Também é necessário considerar despesas veterinárias e cuidados que podem se estender por muitos anos.
"Amor é fundamental, mas sozinho não garante uma adoção responsável", alerta a especialista.
Outro ponto importante é abandonar a busca por um cachorro que corresponda a uma imagem idealizada.
Idade, temperamento, histórico e nível de energia podem ser mais determinantes para a convivência do que aparência ou raça.
Um animal muito ativo, por exemplo, pode ter dificuldade de adaptação em uma casa cuja rotina não permita exercícios e estímulos suficientes.
"Um dos principais erros é adotar o cachorro imaginado e não considerar o cachorro real", ressalta Juliana.
O vínculo é construído aos poucos
A chegada ao novo lar também exige paciência.
Mesmo quando existe uma identificação imediata, o animal precisa de tempo para compreender o ambiente, reconhecer a rotina e descobrir quais pessoas e situações são seguras.
Permitir que ele explore a casa gradualmente, manter horários previsíveis e observar sua linguagem corporal são formas de facilitar essa adaptação.
Isso também significa respeitar os limites apresentados pelo cachorro.
Nem todo animal vai querer colo, carinho ou interação o tempo todo, especialmente nos primeiros dias.
Forçar aproximações pode produzir insegurança justamente no momento em que a confiança está começando a ser construída.
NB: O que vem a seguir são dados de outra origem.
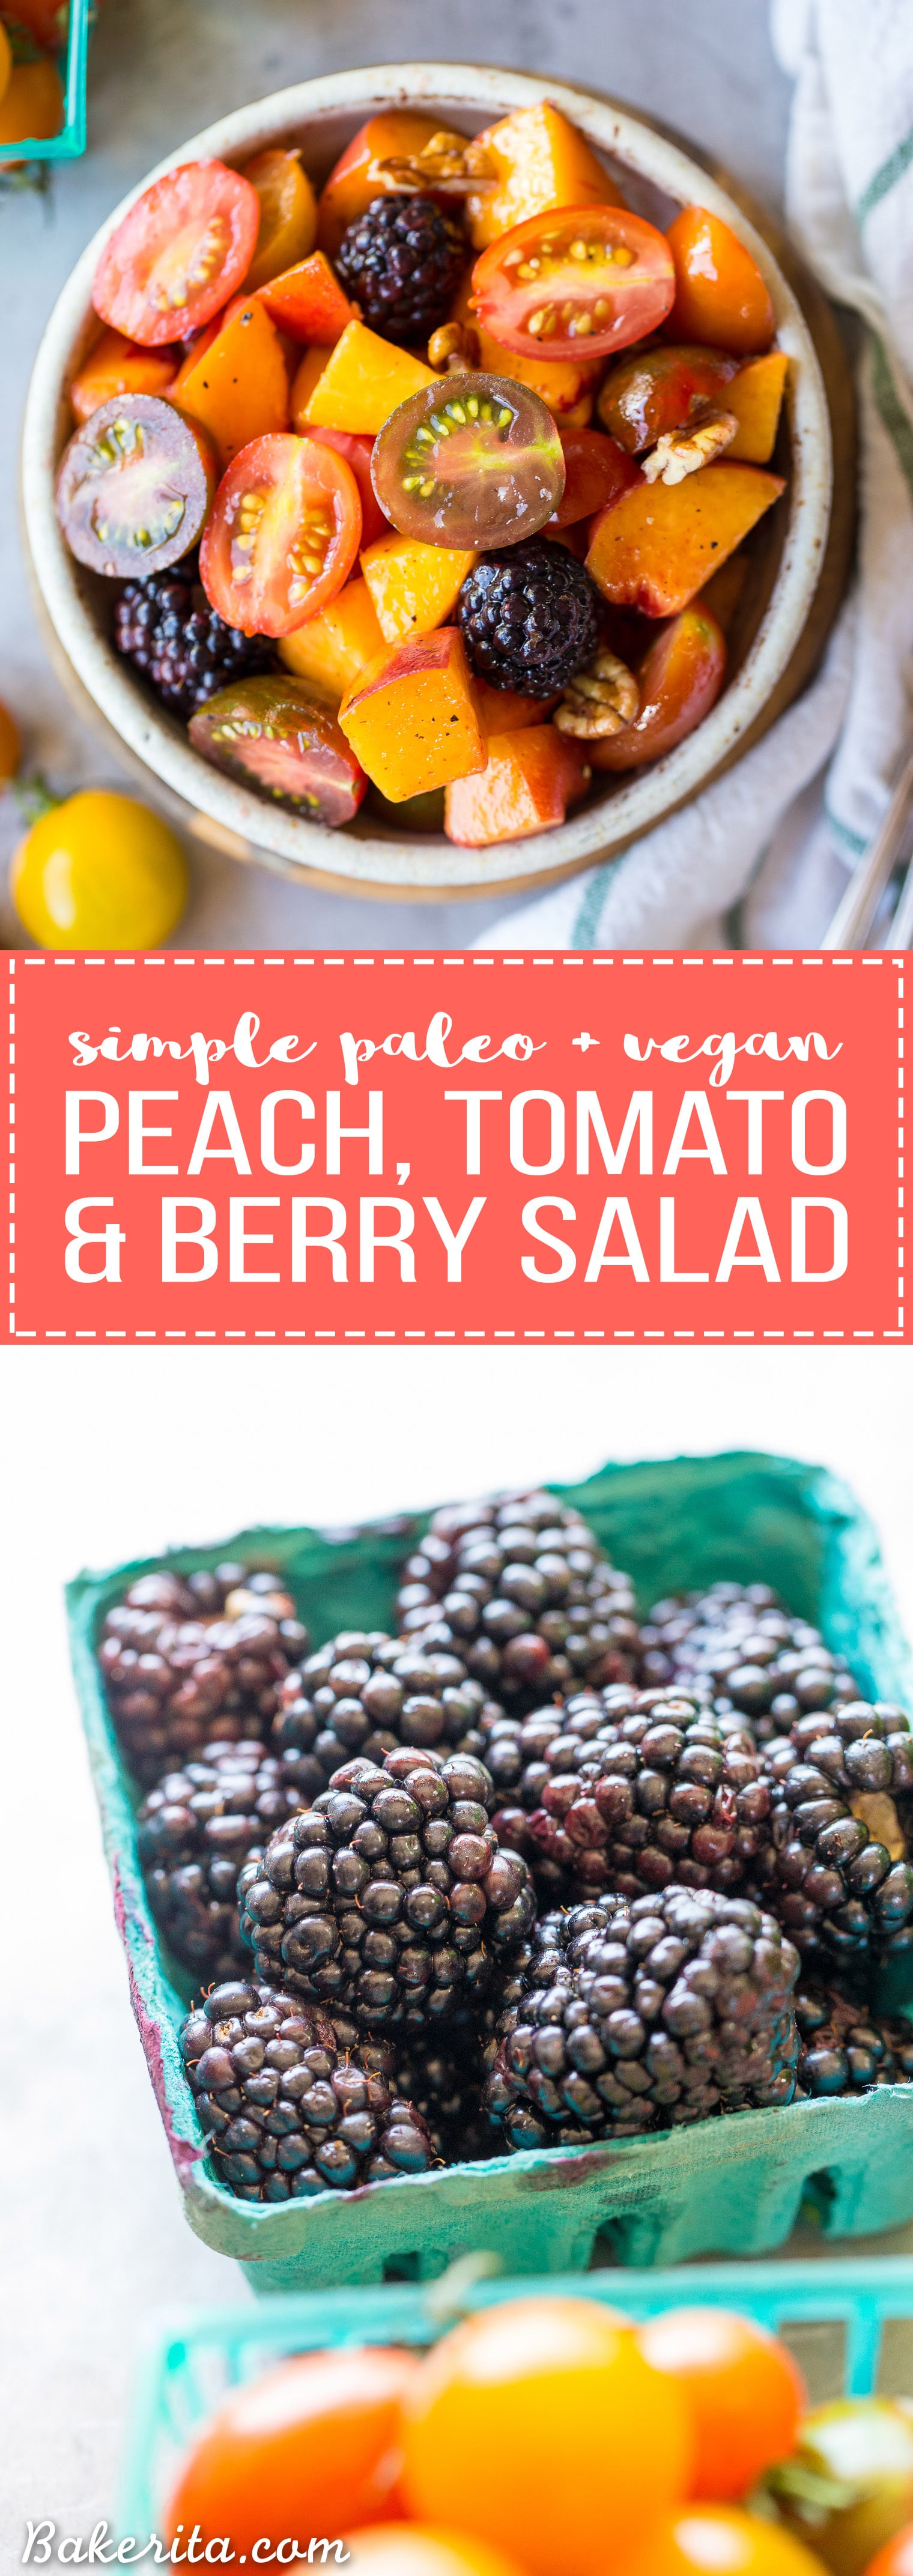 This Simple Peach & Tomato Salad makes the most of farmer's market produce. This healthy side dish is gluten-free, paleo, vegan + Whole30-friendly.
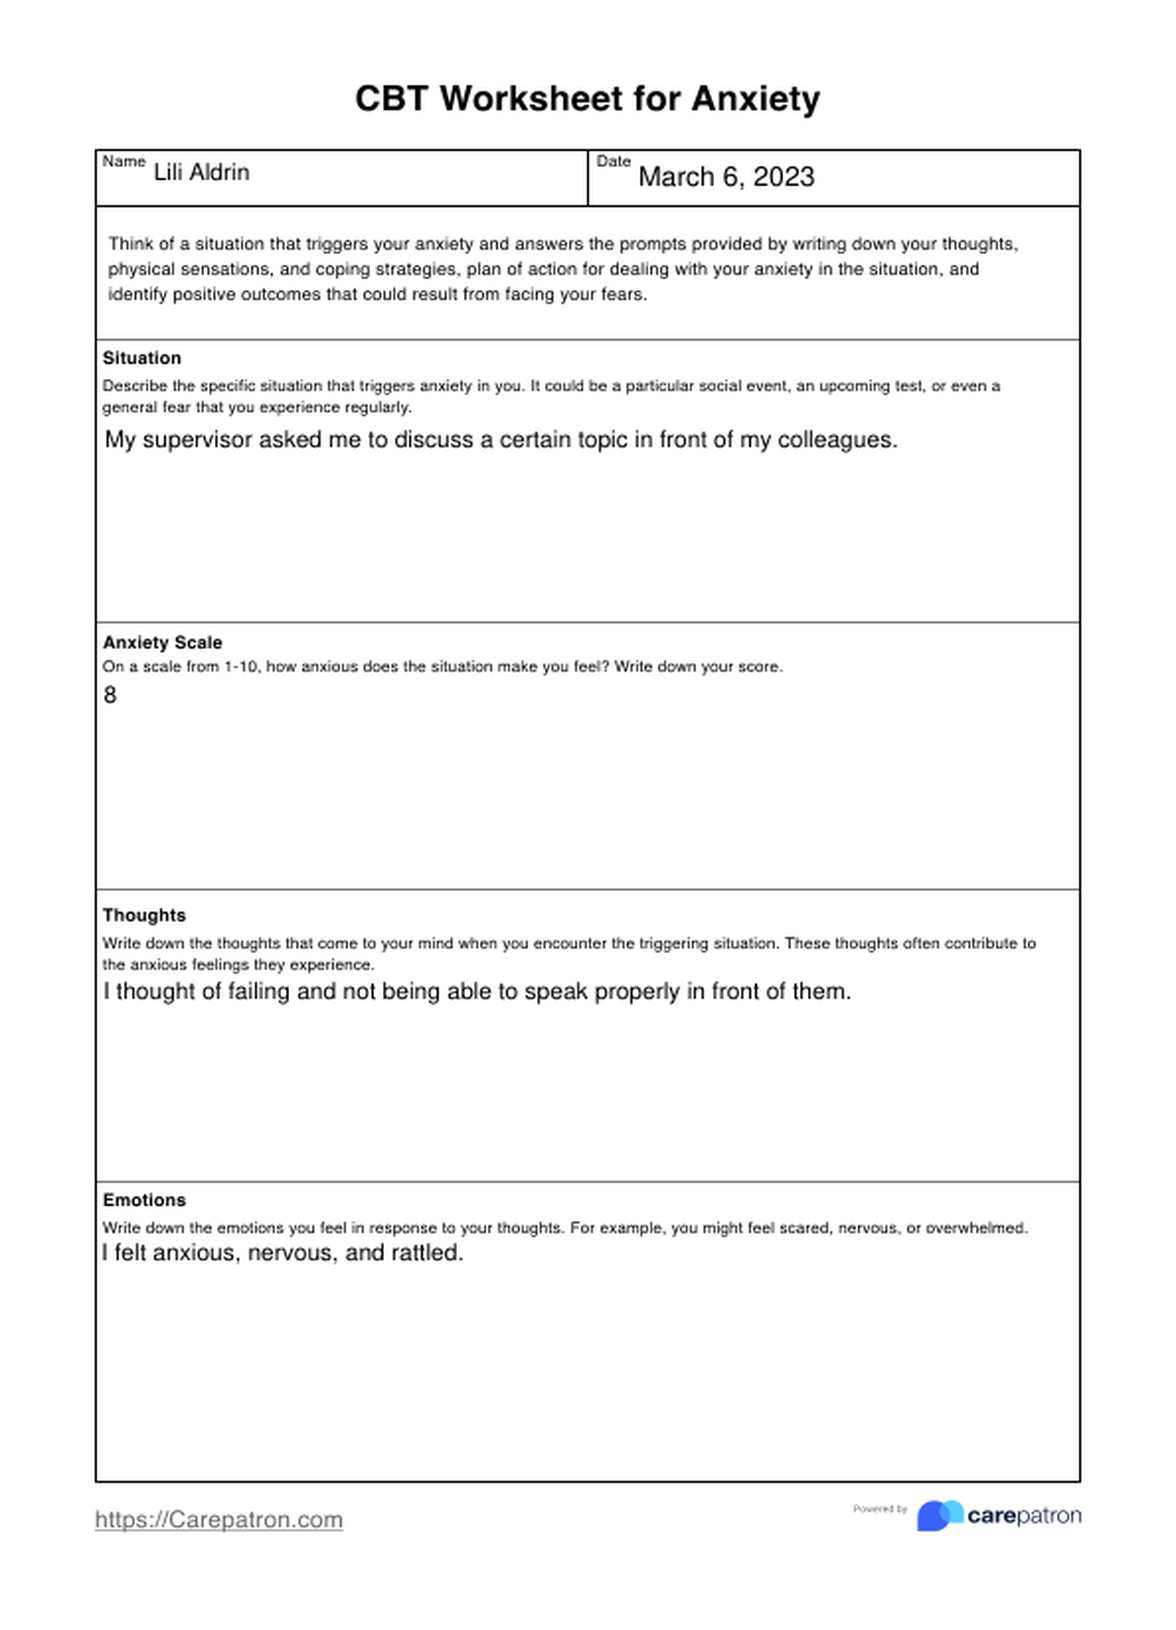 CBT Worksheet for Anxiety PDF Example

"Afeto também significa não forçar contato, colo ou interação.
O vínculo vai sendo construído nas pequenas experiências cotidianas em que o cachorro percebe que aquela pessoa é previsível e segura", explica Juliana.
O passado do animal tampouco determina, sozinho, como será sua relação com uma nova família.
Cães que passaram por abrigos, por exemplo, também podem desenvolver vínculos seguros depois da adoção.
O processo pode exigir mais tempo e atenção em alguns casos, mas experiências anteriores não impedem necessariamente a construção de uma nova relação.
No fim, a convivência entre pessoas e cães envolve uma troca que vai além do afeto imediato.
Para quem decide adotar, conhecer as características daquele animal e adaptar a rotina às suas necessidades faz parte da responsabilidade assumida.
"Amar um cachorro não é apenas trazê-lo para a nossa vida.
É também aprender quem ele é e construir uma relação na qual as necessidades dos dois possam ser respeitadas", conclui Juliana.